Yaygın yanılgının aksine, ZOH'ın, bir Analog-Dijital dönüştürücünün (ADC) önünde bulabileceği numune ve tutma devresi (S / H) ile ilgisi yoktur . DAC, çıktıyı her bir örnekleme periyodu boyunca sabit bir değerde tuttuğu sürece, ADC'nin bir S / H olup olmadığı önemli değildir, ZOH etkisi devam eder.
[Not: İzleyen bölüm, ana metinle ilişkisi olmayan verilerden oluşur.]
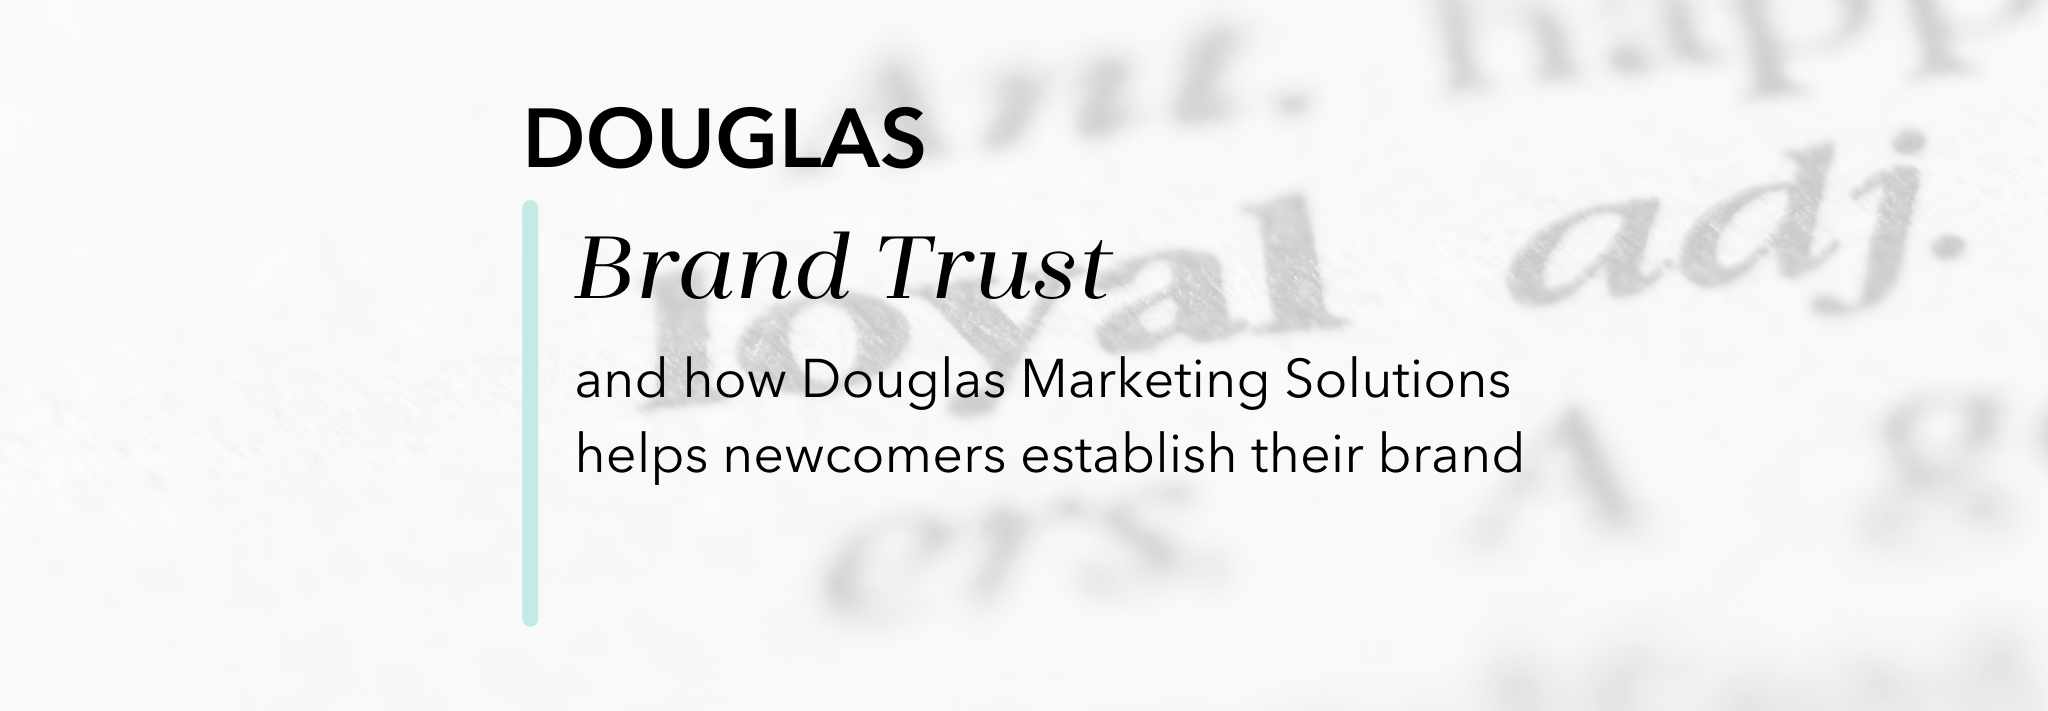 Douglas Brand Trust

DAC yukarıda gösterildiği gibi parçalı sabit çıkıştan başka bir şey çıkarırsa (dirac impulslarını tahmin etmek üzere tasarlanmış dar darbelerden oluşan bir dizi gibi)xDAC( t ), ADC'den önce bir S / H devresi olup olmadığı ZOH etkisi mevcut değildir (bunun yerine başka bir şey vardır).
ZOH'nin net transfer fonksiyonu 'HZOH( s ) = 1 - e- s Ts T
ve ZOH'ın net frekans cevabı 'HZOH( j 2 πf) = e- j πfTsinc( fT)
Birçok ders kitabı T transfer fonksiyonunun paydasında faktör ve bu bir hatadır.
ZOH örneklenen sinyalin görüntülerini azaltırxs( t )ancak bunları ortadan kaldırmaz. Görüntüleri ortadan kaldırmak için, önceki gibi iyi bir düşük geçiş filtresine ihtiyaç vardır. Brickwall LPF'ler bir idealdir. Pratik bir LPF ayrıca temel bant görüntüsünü (tutmak istediğimiz) yüksek frekanslarda zayıflatabilir ve bu zayıflamanın ZOH'den (3.9224 dB zayıflamasından daha az) kaynaklanan zayıflamada olduğu gibi hesaba katılması gerekir. ZOH ayrıca sinyali, özellikle ZOH bir geri besleme döngüsündeyse, dikkate alınması gereken (örnekleme karşıtı LPF'nin gecikmesi ile birlikte) yarım örnekleme periyoduyla geciktirir.